#### WHAT THIS TASK INVOLVES
Transcription, pictures excluded: write out the data below exactly.

### INFORMATION PROVIDED ###

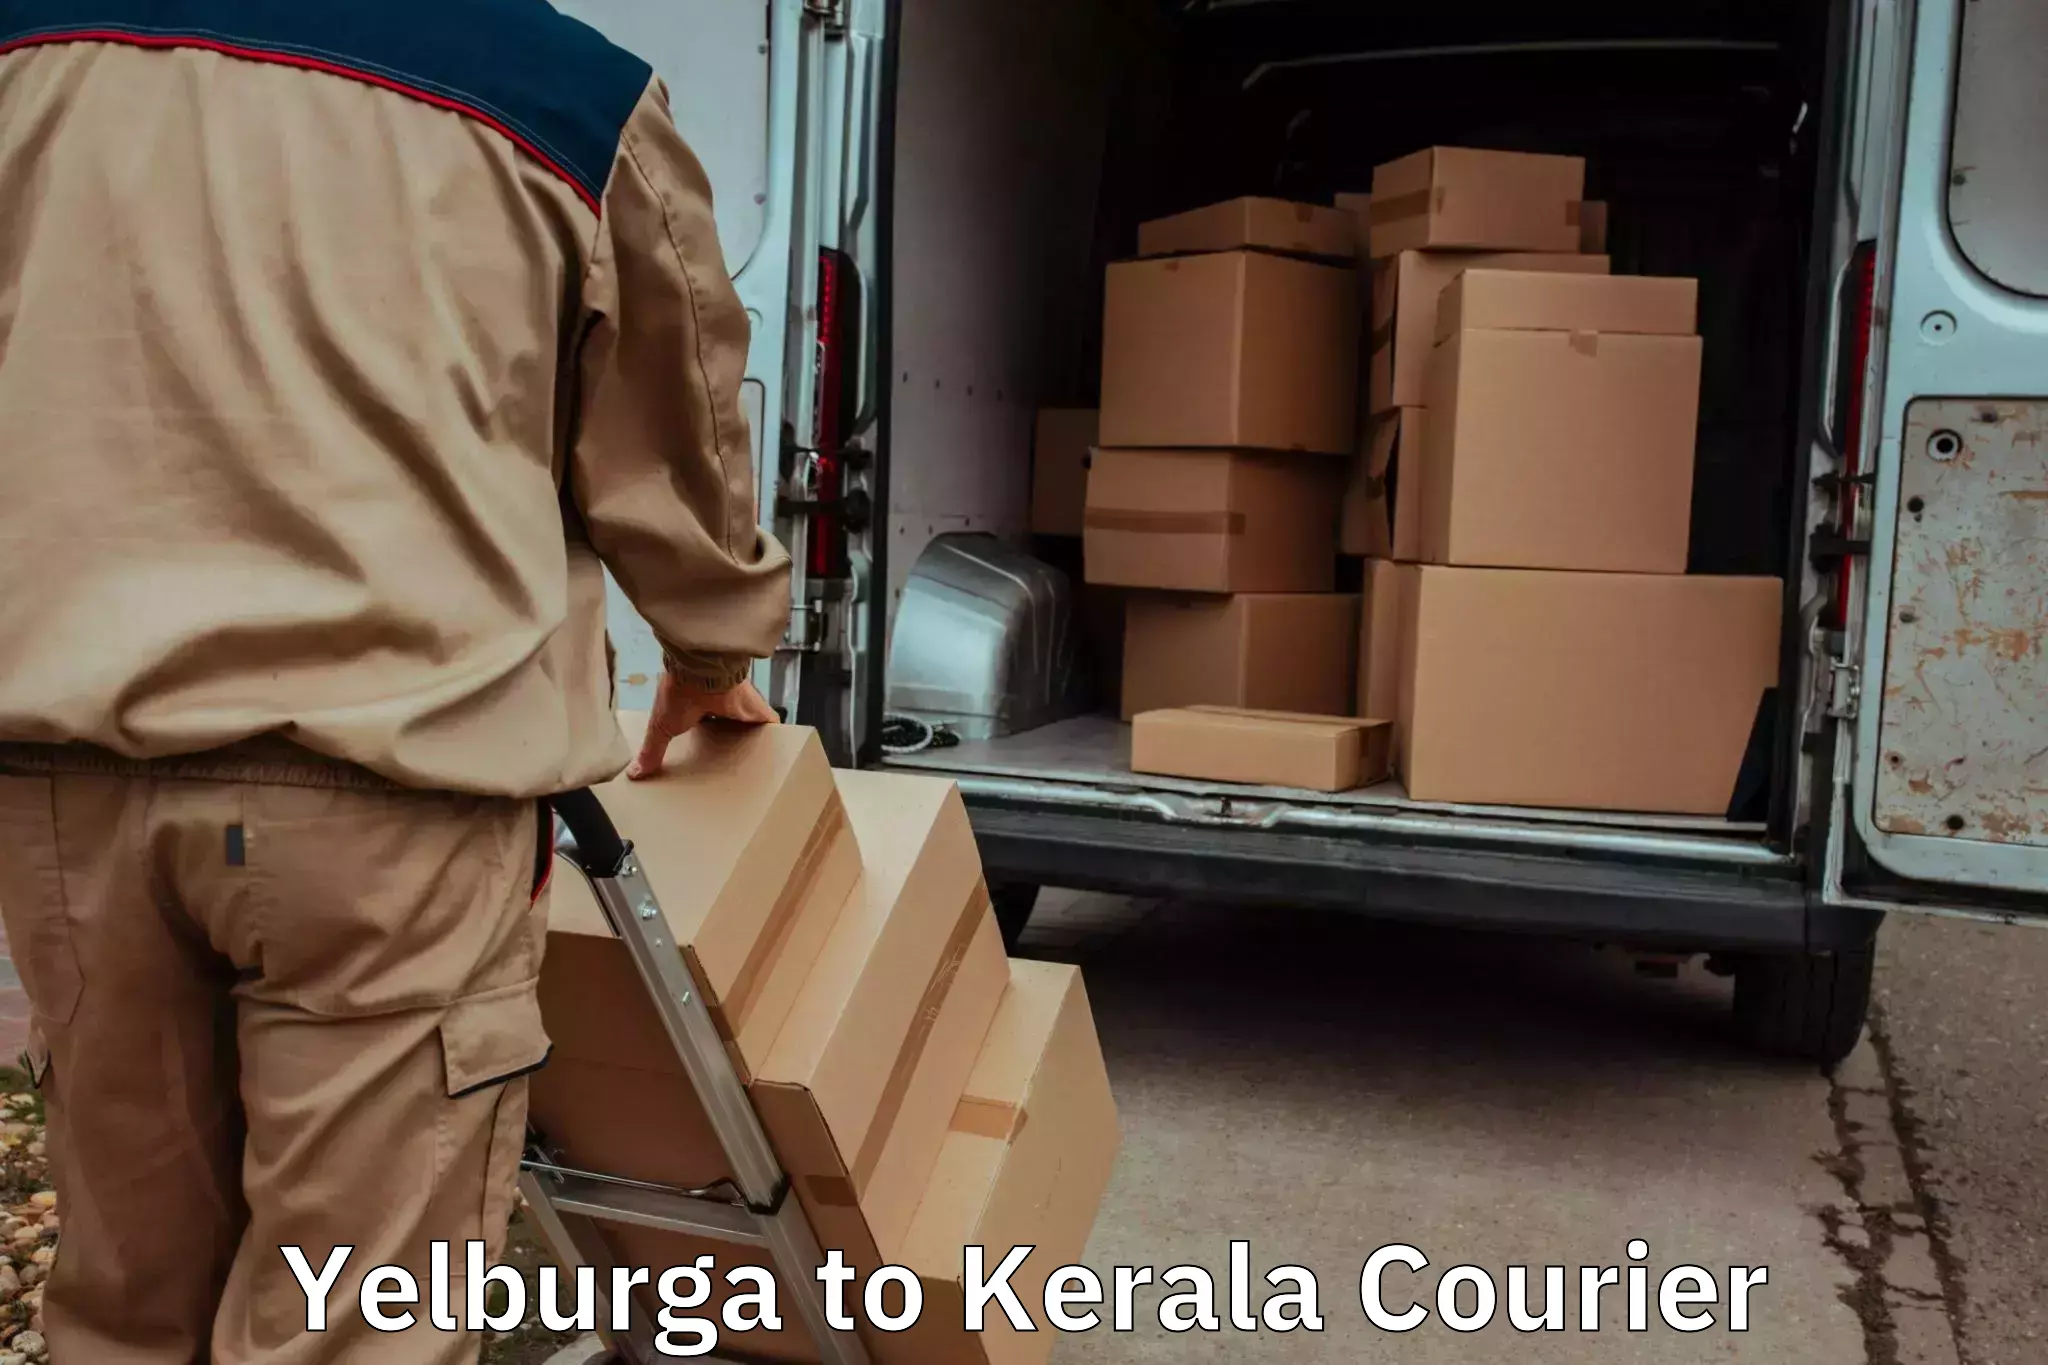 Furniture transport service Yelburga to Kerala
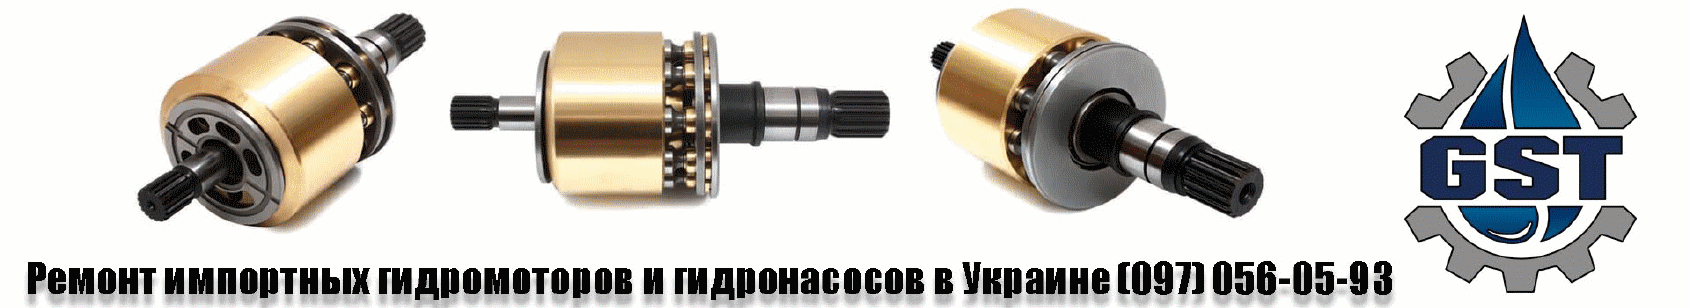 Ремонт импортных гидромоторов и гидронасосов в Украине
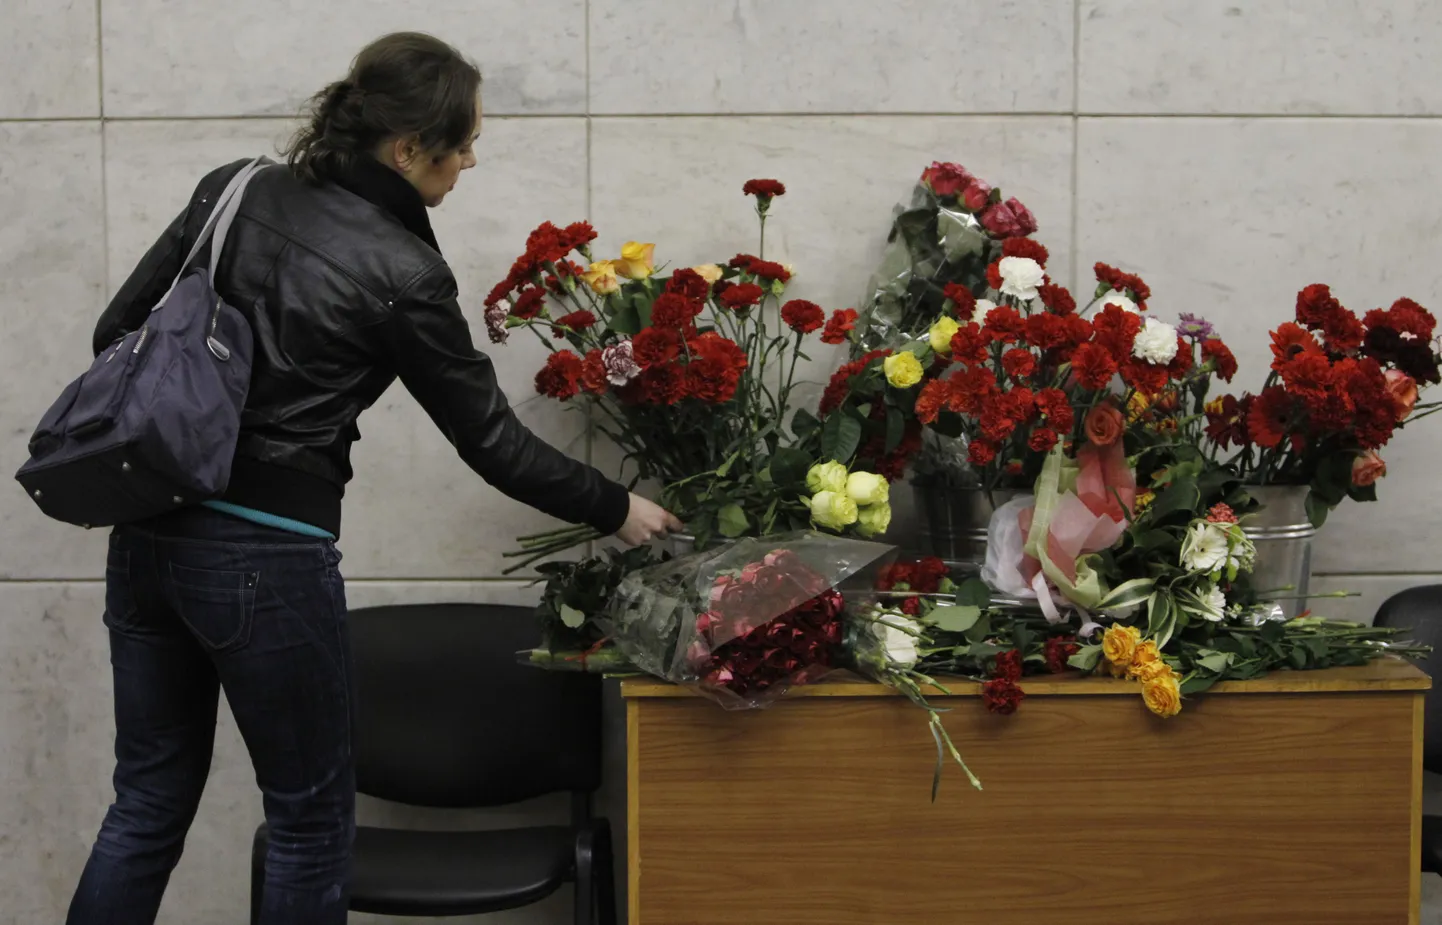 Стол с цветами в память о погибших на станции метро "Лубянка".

###

#### SOLUTION TO THE EXERCISE
 Furniture transport service Yelburga to Kerala
 Ремонт импортных гидромоторов и гидронасосов в Украине
 Стол с цветами в память о погибших на станции метро "Лубянка".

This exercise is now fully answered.